The Waterkloof Air Force Base from which President Omar al-Bashir left on flight Sudan01
The Waterkloof Air Force Base from which President Omar al-Bashir left on flight Sudan01

President Jacob Zuma and his key security ministers plotted to ensure Sudanese President Omar al-Bashir’s safe passage out of South Africa, flouting a court order and international convention, the Mail & Guardian has learnt. The ANC described it as choosing African unity over the law.

Zuma had earlier promised al-Bashir that South Africa would not execute a warrant issued by the International Criminal Court (ICC) for war crimes.

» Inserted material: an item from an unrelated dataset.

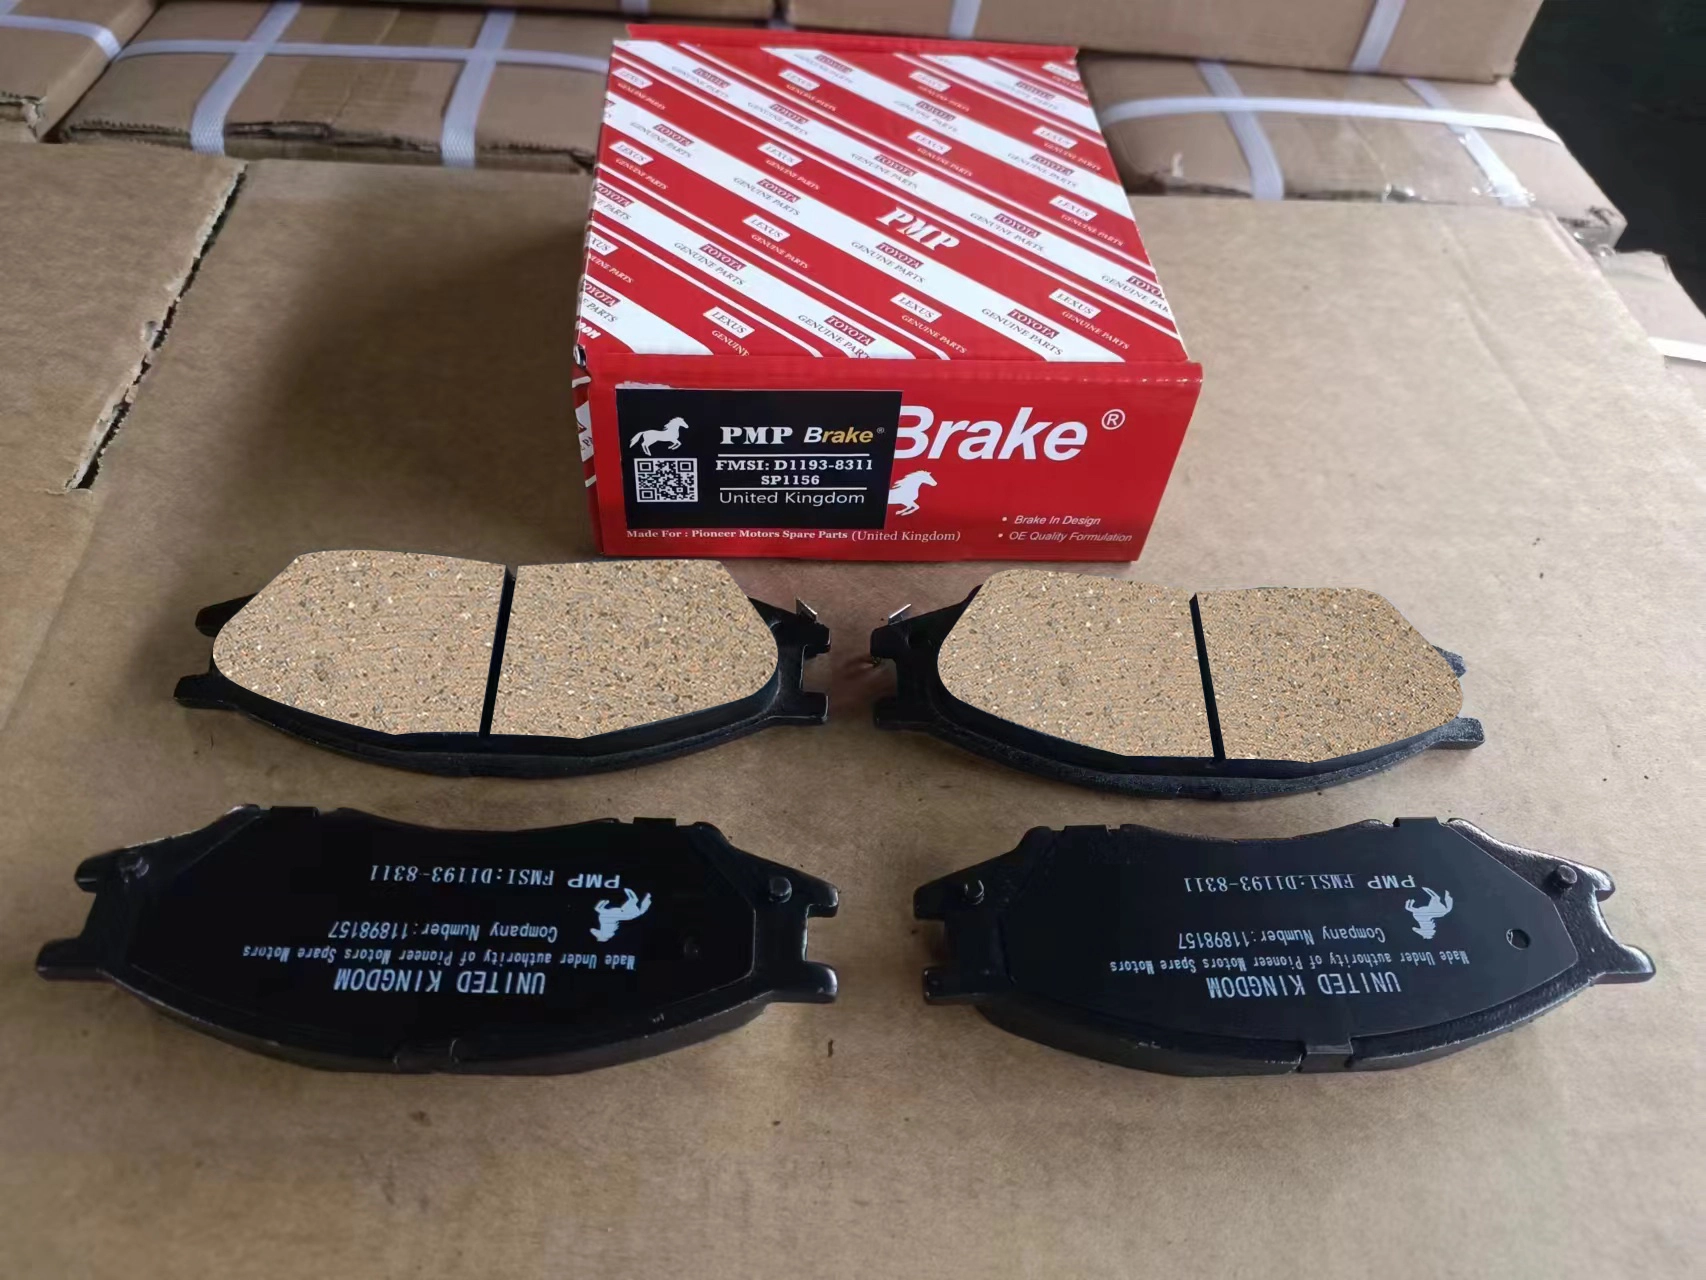 Brake pads for Toyota Corolla: high-performance ceramic pads for improved braking efficiency.

On the eve of the African Union summit, Zuma’s government quietly gazetted a clause that guaranteed immunity for all delegates.

Plans to get al-Bashir out of the country were a closely guarded secret, with officials feigning ignorance of his whereabouts.

The high court had ordered him to stay in South Africa pending the court making a final decision on whether to arrest him based on an ICC warrant.

No government minister, including the minister in the presidency and Zuma’s flak-catcher, Jeff Radebe, and International Relations Minister Maite Nkoana-Mashabane, would speak to the media about al-Bashir.

But the M&G understands that the plan to allow al-Bashir to evade justice was hatched between Zuma and four ministers whose portfolios were crucial to facilitating his departure. Other Cabinet ministers were apparently not briefed.

Too few knew
Government sources were still reluctant to share detailed information about how al-Bashir managed to leave the country this week because too few people had known about the plan. “If it leaks, it will be known [who made the leak],” one said.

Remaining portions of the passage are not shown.